If ear disease is the cause
- Prescription ear medication (antibiotic, antifungal, anti-inflammatory depending on cytology)
- Pain relief if needed
- Sometimes oral medications for deeper infections
- Recheck visits to confirm the infection is truly clearing
If trauma is the cause
- Pain management
- Wound care and antibiotics if indicated
- Monitoring for improvement
If no cause is found
Many idiopathic cases improve over time. A common timeframe is about 4 to 8 weeks, but some dogs take longer. Your vet may recommend a watch-and-wait plan with rechecks. If changes worsen or new symptoms appear, the plan shifts toward imaging and deeper diagnostics.
What you can do at home
While you are waiting for your appointment or after your visit, these steps are genuinely helpful.
Do
- Take clear photos of your dog’s face daily in the same lighting to track change
- Check for ear symptoms: odor, discharge, head shaking, pain
- Prevent rubbing if your dog is pawing at the eye (ask your vet if an e-collar is appropriate)
- Give medications exactly as prescribed, especially ear meds. Stopping early is a common reason infections come back.
Do not
- Use leftover eye drops from an old problem unless your vet approves
- Put peroxide or alcohol in ears
- Delay care if there is pain, cloudiness, trauma, or balance problems
Prognosis
Many dogs do very well, especially if the underlying issue is treatable and addressed early.
- Idiopathic cases often improve over time.
- Ear infection related cases can improve once the infection and inflammation are controlled, though it may take weeks.
- Trauma related cases vary. Some resolve fully, others improve partially.
- Masses or neurologic causes depend on what is found and how early it is treated.
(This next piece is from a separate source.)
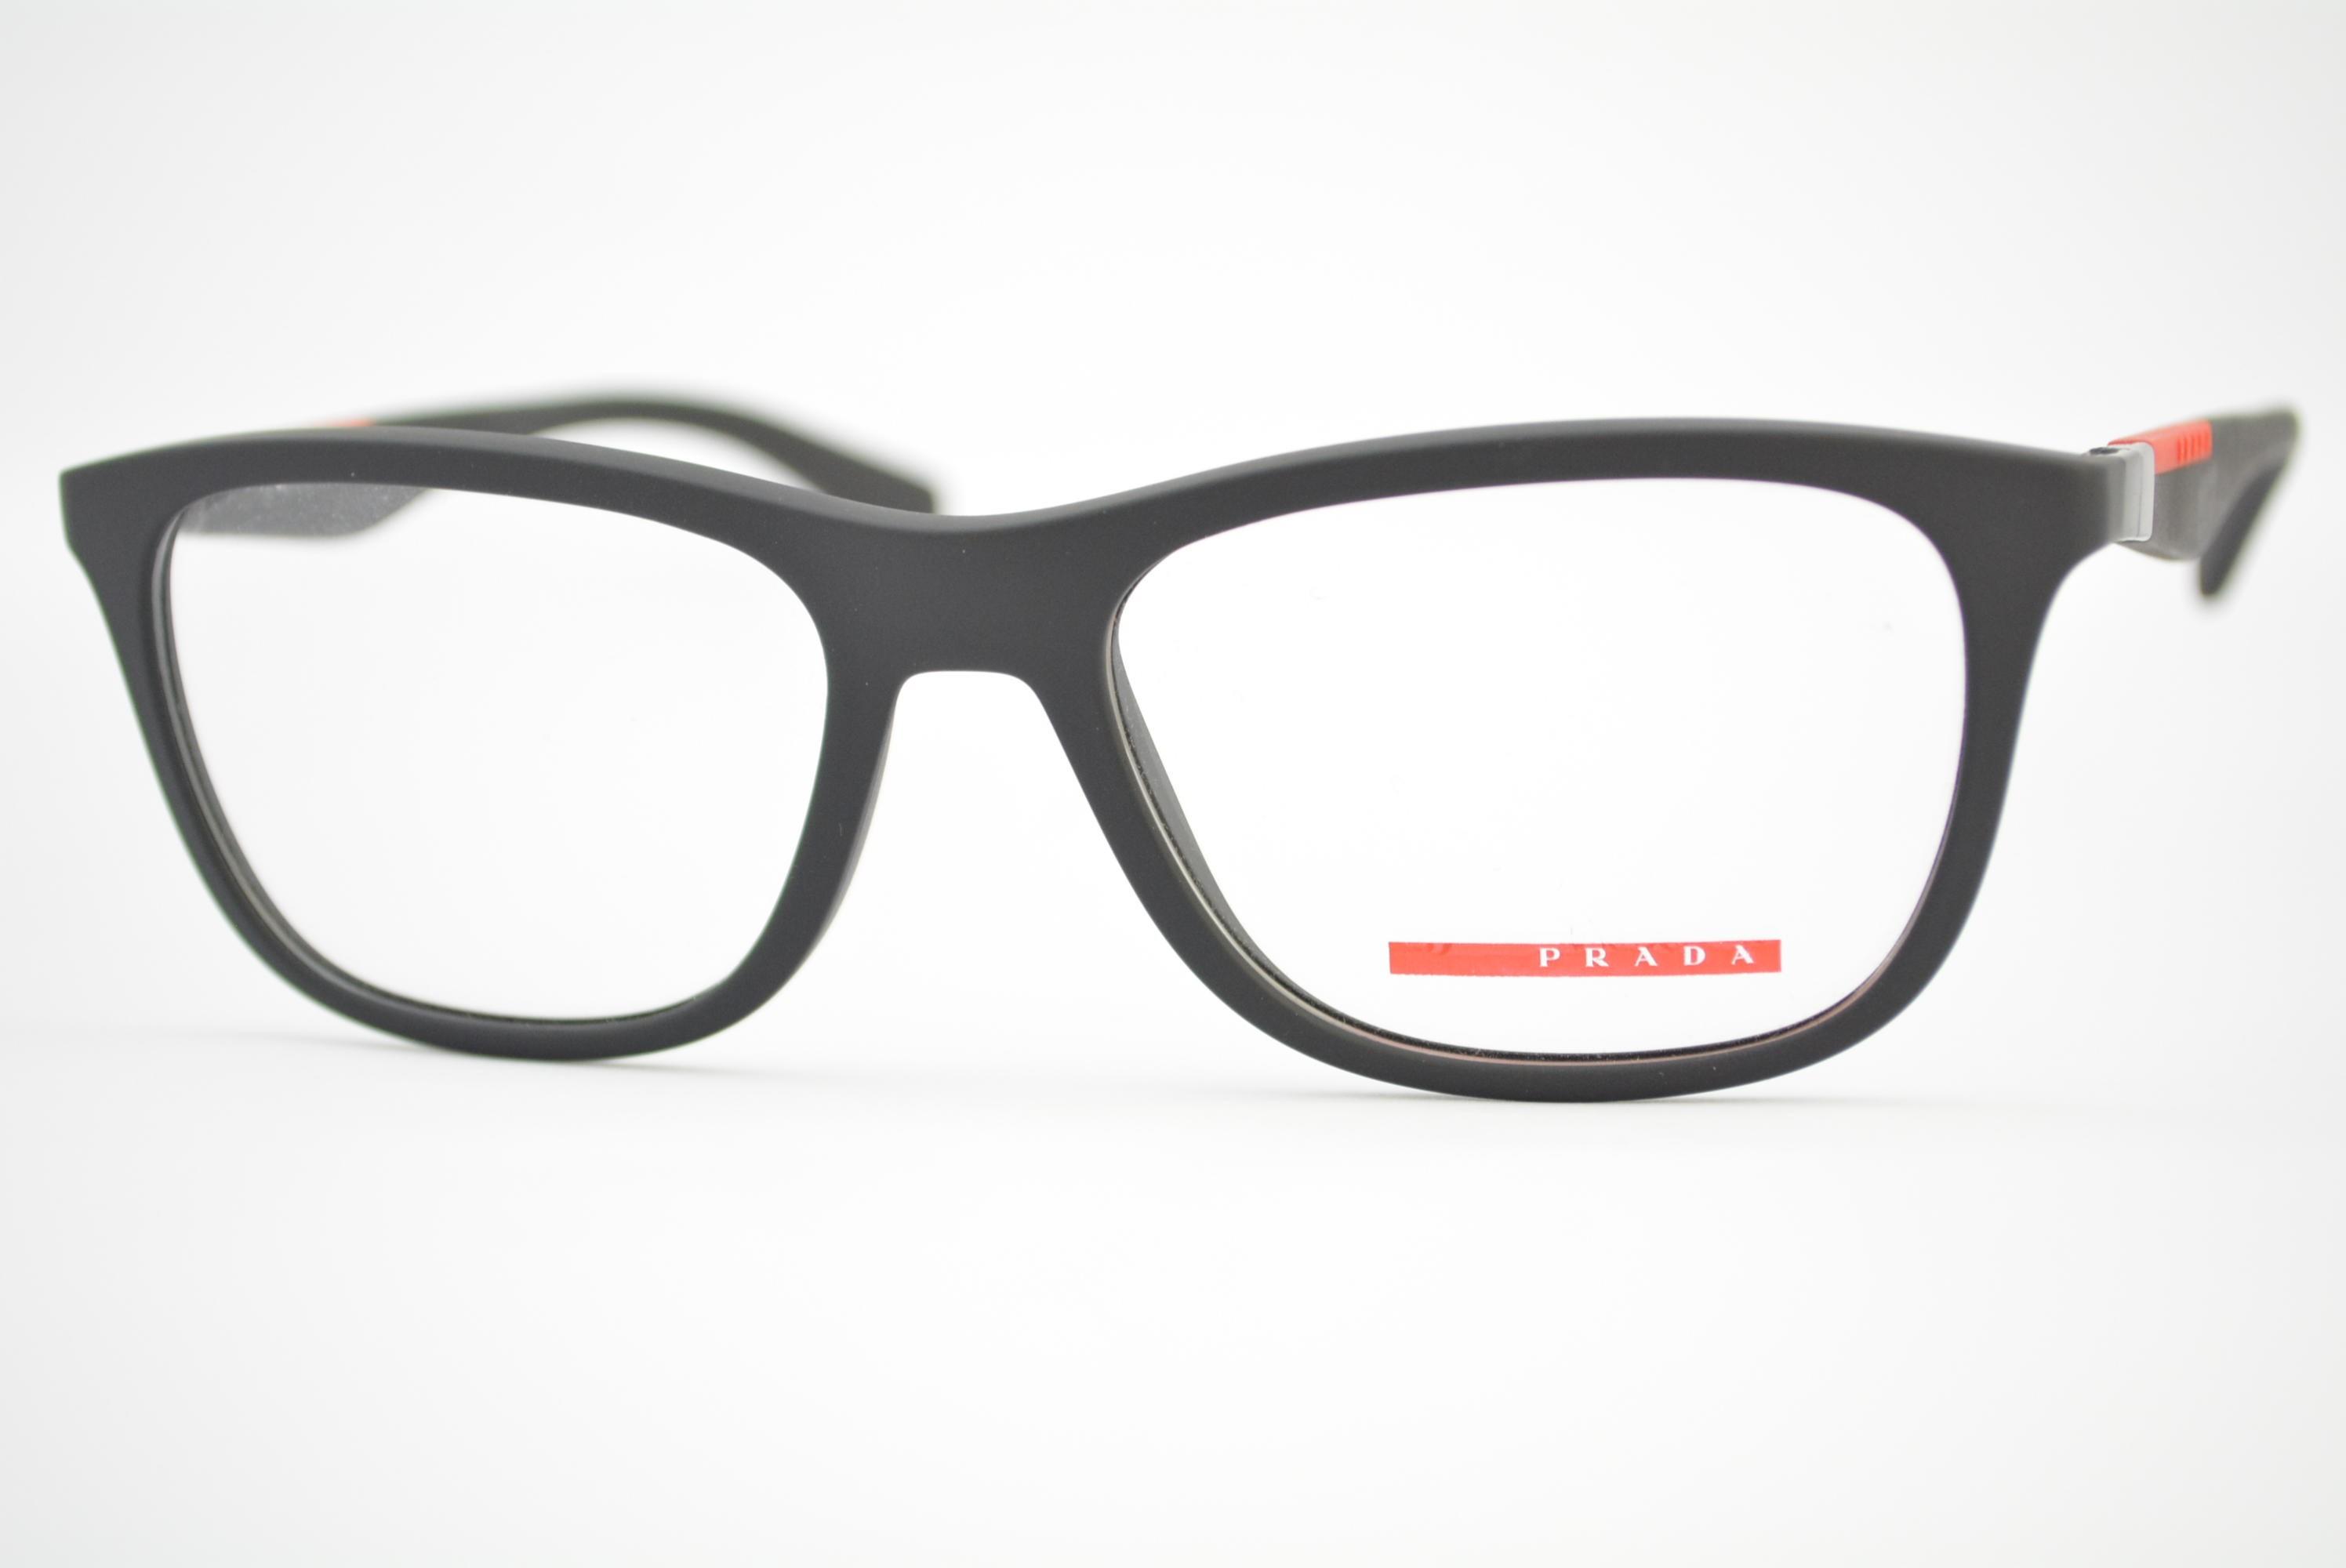 eb14a7fb9bf61 armação de óculos Prada Linea Rossa mod vps04F DG0-1O1 Ótica Cardoso

One encouraging note: even when the eye looks odd, many dogs feel normal and behave normally. Your job is to make sure we are not missing the condition behind the change.
Quick recap
Horner’s syndrome is a cluster of changes like a small pupil, droopy eyelid, and sunken eye, usually on one side. It is often linked to ear disease or trauma, can overlap with vestibular episodes, and should be checked by a veterinarian promptly. Seek emergency care if there is eye pain, cloudiness, trauma, severe balance issues, a suddenly very dilated pupil, or other neurologic symptoms.